Success rate is 100 percent (5/5), round-trip min/avg/max = 5/5/7 ms

CoreSwitch#traceroute 8.8.8.8 numeric
Type escape sequence to abort.
Tracing the route to 8.8.8.8
VRF info: (vrf in name/id, vrf out name/id)
1 192.21.17.225 0 msec 0 msec 0 msec
2 7.19.29.217 1 msec 1 msec 1 msec
3 3.72.12.251 1 msec 1 msec 1 msec
4 * * *
5 12.14.11.18 2993 msec
12.14.11.20 2411 msec
12.14.11.18 2680 msec
6 *
17.29.3.75 2986 msec
18.72.6.162 2560 msec
7 *
17.29.3.1 332 msec
17.29.3.4 980 msec
8 17.29.4.21 1483 msec * *
9 8.8.8.8 1633 msec 1794 msec *
CoreSwitch#

Flavio Miranda · ‎08-27-2024

@Alek5942

"Traceroute involves sending UDP packets to each node along the way, and waiting for its timeout response (then moving on to the next node), whereas a ping is just forwarded. What you're seeing is the time it takes for each node to respond to the request instead of just forwarding a small packet."

https://www.cisco.com/c/en/us/support/docs/ios-nx-os-software/ios-software-releases-121-mainline/12778-ping-traceroute.html

Meaning, the process envolved in the traceroute is totally different then the process in the ping. The ping is just a packet from the source to the destination in which the nodes in between just need to route it forward whilst the trace route requires UDP packet to be sent and wait for the time out in order to account the amount of time.

Alek5942 · ‎08-27-2024

@Flavio Miranda I agree, but if such huge latency were only for one device, it would be understandable that some device has issue with CPU for example. But in my traceroute output staring from hop 5 all devices have issues with high latency. If it were only one device with issue, then only one hope would have high latency.

Flavio Miranda · ‎08-27-2024

The explanation I provided above was to make a point that the latency between ping and traceroute does not line up because they use a very different process in order to get the result. Ping being only routing on layer3 packets and traceroute being UDP, which means layer 4, which results in different time response.

That being said, for your scenerio I would say that was not conclusive. For example, as it was UDP traffic, the ISP could/can have some additional security policy to filter the traffic looking for some DDoS as the traffic is sent to the device CPU and not passing through the device data plane and this can explain why we can see such a high time response.

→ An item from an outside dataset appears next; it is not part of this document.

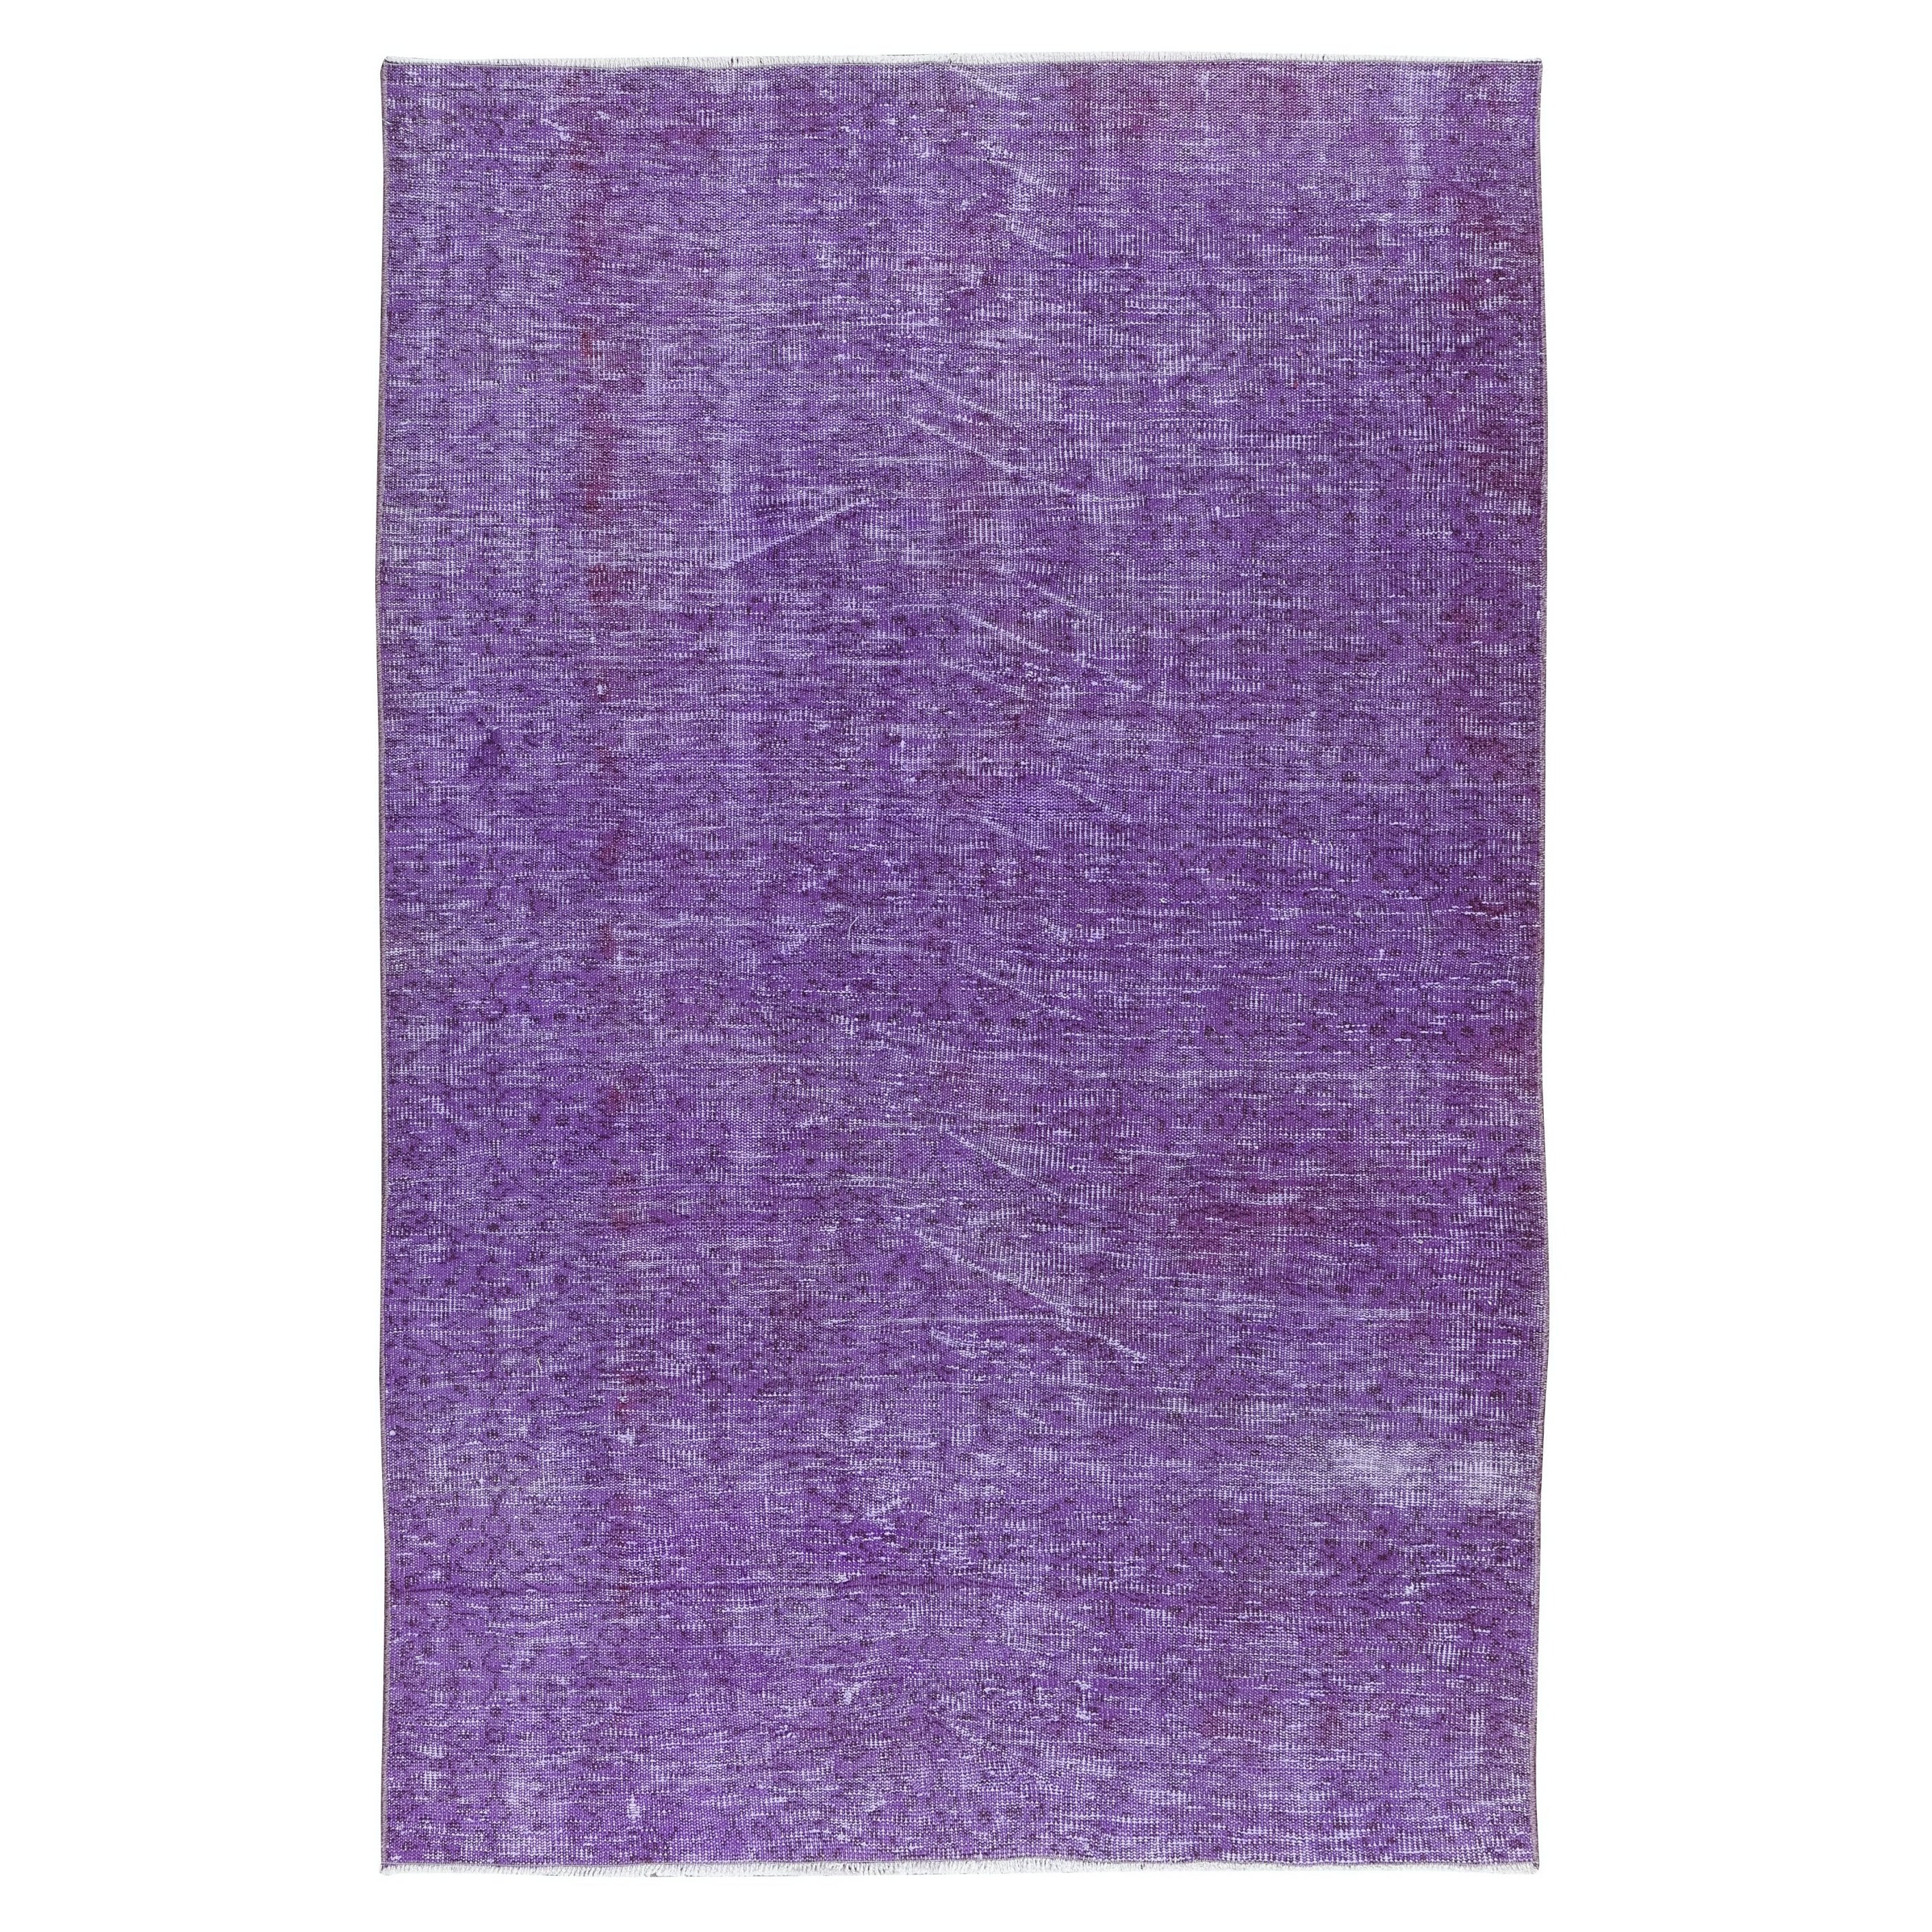 4.8x7.5 Ft Royal Purple Handknotted Room Size Area Rug. Modern Turkish Carpet
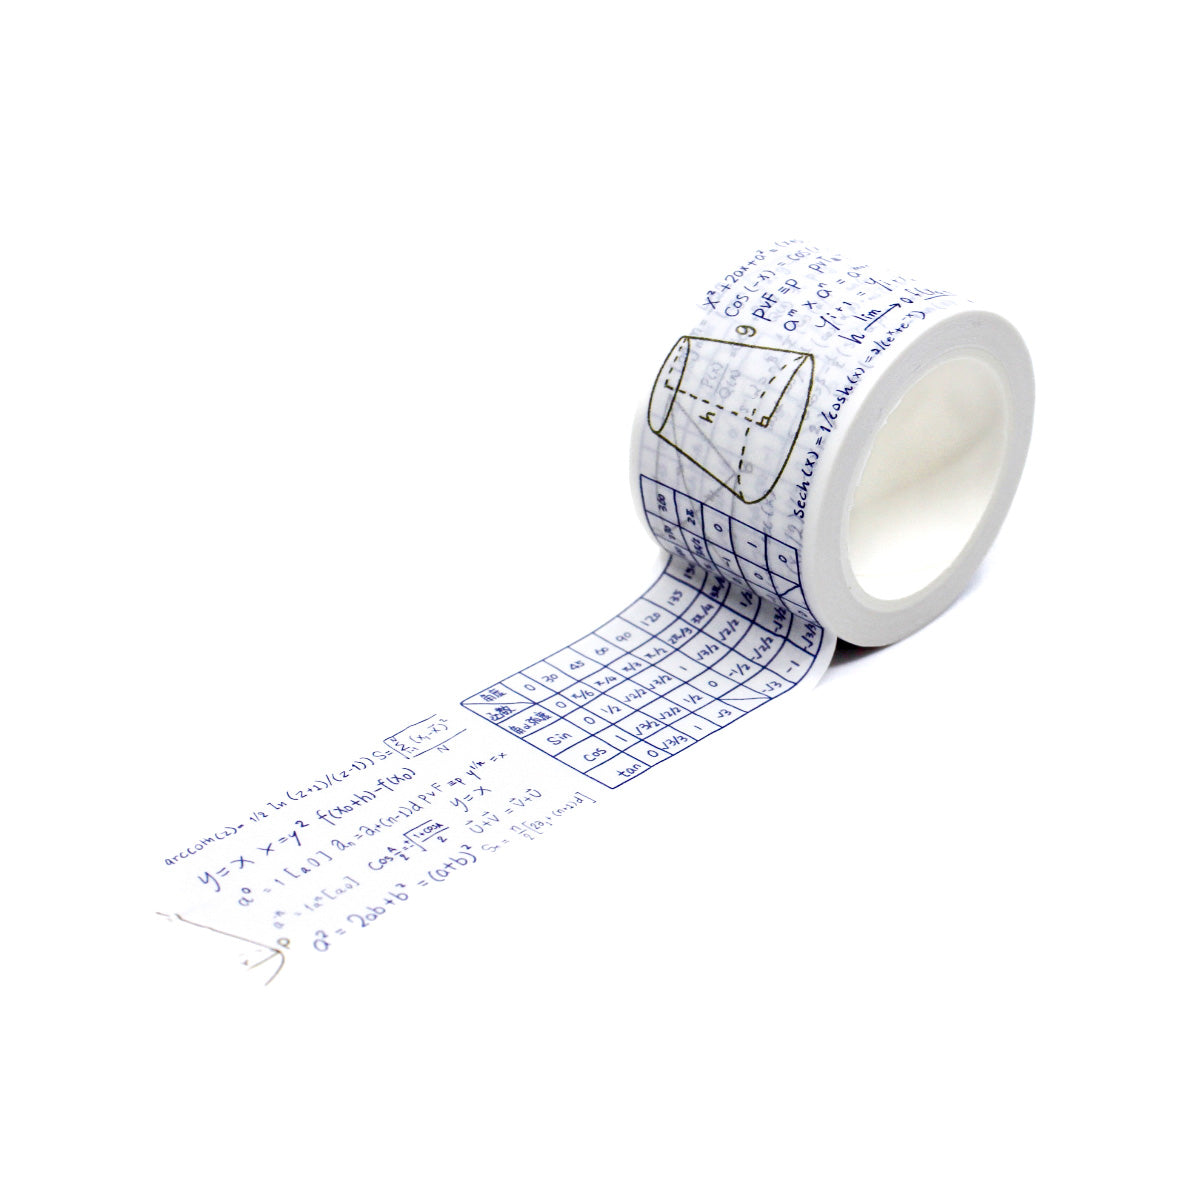 Mathematics, Chemistry, and Geometry Washi Tape set, a creative blend of symbols, formulas, and geometric shapes perfect for science, math, or academic-themed projects. This tape is sold at BBB Supplies Craft Shop.

A test like that using trace route towards the internet is a good stating point but it is not conclusive enough and any latency listed below is extremely high to me

5 12.14.11.18 2993 msec
12.14.11.20 2411 msec
12.14.11.18 2680 msec
6 *
17.29.3.75 2986 msec
18.72.6.162 2560 msec
7 *
17.29.3.1 332 msec
17.29.3.4 980 msec
8 17.29.4.21 1483 msec * *
9 8.8.8.8 1633 msec 1794 msec *

MHM Cisco World · ‎08-28-2024

ISP use policy to protect it router CPU from high rate specific ICMP message type
this can slow the response and hence you get high latency
dont depend on traceroute alot in internet, it excellent tool for internal but for internet many ISP have policy about TTL exceed ICMP.

MHM

Giuseppe Larosa · ‎08-28-2024

Hello @Alek5942 ,

traceroute is not intended to be used to measure latency or RTT it is a tool to discover the L3 router hops between the source and the destination.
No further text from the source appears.